After a constant drumbeat dialogue about domain-agnostic versus domain-centric, (point solution monitoring) AIOps last year, Gartner is now breaking AIOps solutions into three categories:
- Data and Analytics
- AIOps Features
- AIOps Platforms
“Nothing changed in the markets in terms of what these products do. This is just a different way of helping people understand where the vendor offerings fit into this space,” explains Phil Tee, Moogsoft founder. He describes the fresh categories as an artificial ontology and translates the new slang into the following.
Data and Analytics: This is a large-log analytics-like platform you leverage combined with Pythonesque libraries to build something that looks like AI on top of that framework. These vendor(s) are minimal in the space and weren’t included in Gartner’s AIOps market findings previously because they aren’t true AI-powered solutions.
AIOps Features: These are the point-solution-monitoring platforms that Gartner previously labeled Domain Centric AIOps—accounting for a large chunk of available AIOps technologies.
AIOps features usually focus on a single area or “domain,” built for limited use cases. These rely on their own agents or collectors to retrieve “first-party” data and do not ingest data from other applications. Even as these AIOps Features continually evolve, few ingest data from other sources. The Domain-Centric solutions that can are usually more expensive.
The result? Most organizations using Domain-Centric AIOps platforms, i.e., AIOps features ingest minimal third-party data—making it harder to get a clear view across your IT environment.

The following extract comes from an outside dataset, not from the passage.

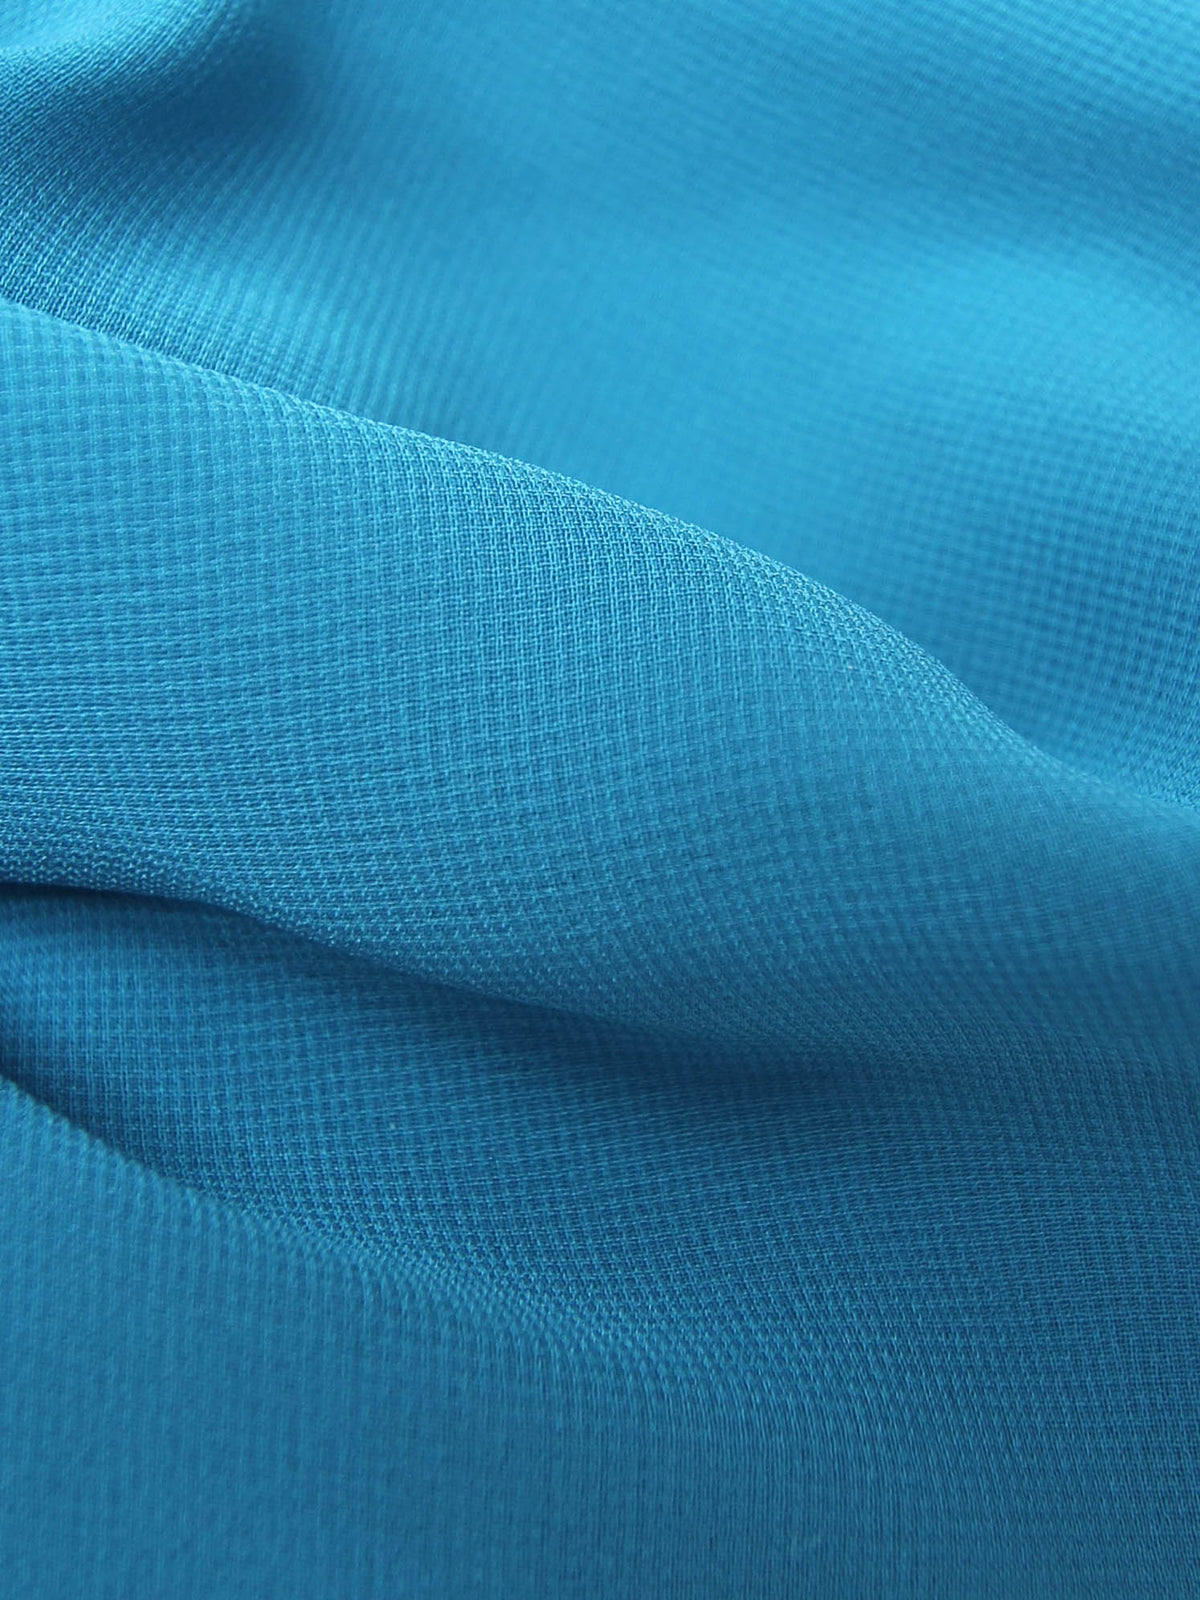 Teal Polyester Chiffon Fabric - Serendipity
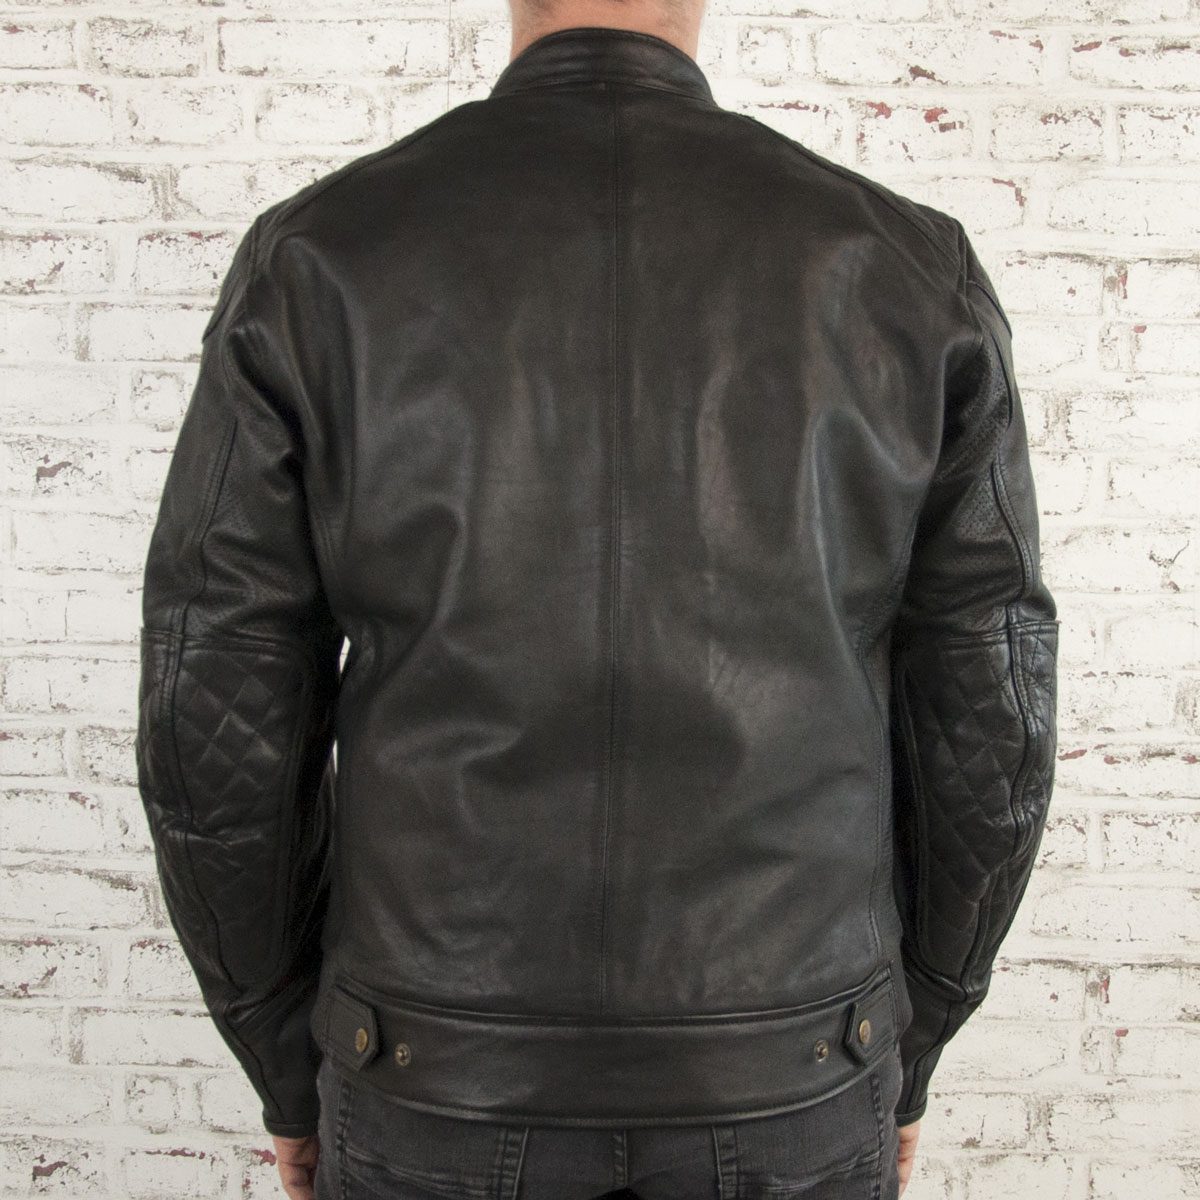 Rogue Leather Jacket Black - Age of Glory

AIOps Platforms: AIOps platforms like Moogsoft were previously known as Domain-Agnostic AIOps solutions. They integrate data from multiple sources, across IT technologies and vendors. AIOps platforms help you connect the dots—pulling data from your monitoring stack, (logs, event data, metrics, and traces), correlating them, and unleashing a deeper view across all your systems.
Confusion around the AIOps solutions market isn’t new, and the space hasn’t changed in a meaningful way. There are still vendors adding AIOps capabilities like machine learning and algorithms to replace the rules and heuristics driving their solutions. These vendors can’t stand on their own as an AIOps platform but are all too often positioned as one—limiting performance outcomes and increasing customer costs.
2. Do prioritize your unique AIOps use cases.
In its latest AIOps reporting, Gartner recommends prioritizing your AIOps use cases based on business impact like mean time to detection (MTTD), mean time to resolution (MTTR), visibility, faster decision-making, and IT staff reallocation.
Our panel experts hone in on how business pain points and goals can shape these priorities.
“The user benefit is critical to any implementation, there’s no difference with AIOps,” says Jay Rudrachar, TIAA Enterprise Monitoring & Observability Engineering Senior Director. “[At TIAA], we look at all AIOps implementations in general.”
“Ultimately, what is our biggest benefit? To reduce the customer-facing outages and downtime as much as possible and be proactive.”
“Customer experience and retention often drive your AIOps use cases.” Rudrachar explains to prioritize accurately, it’s useful to consolidate a view of critical factors such as MTTD, MTTR, blast radius, and response team activity in one place. It’s also important to look at the pattern of repeated incidents and automate self-healing based on existing knowledge.”
3. Don’t get distracted by the AI hype.
“[Gartner] really breaks down the different types of barriers—internal and external,” observes Bill Driscoll, Windward Consulting Customer Success Vice President. “Internally, a lot of companies don’t have the processes in place. They’re lacking the data.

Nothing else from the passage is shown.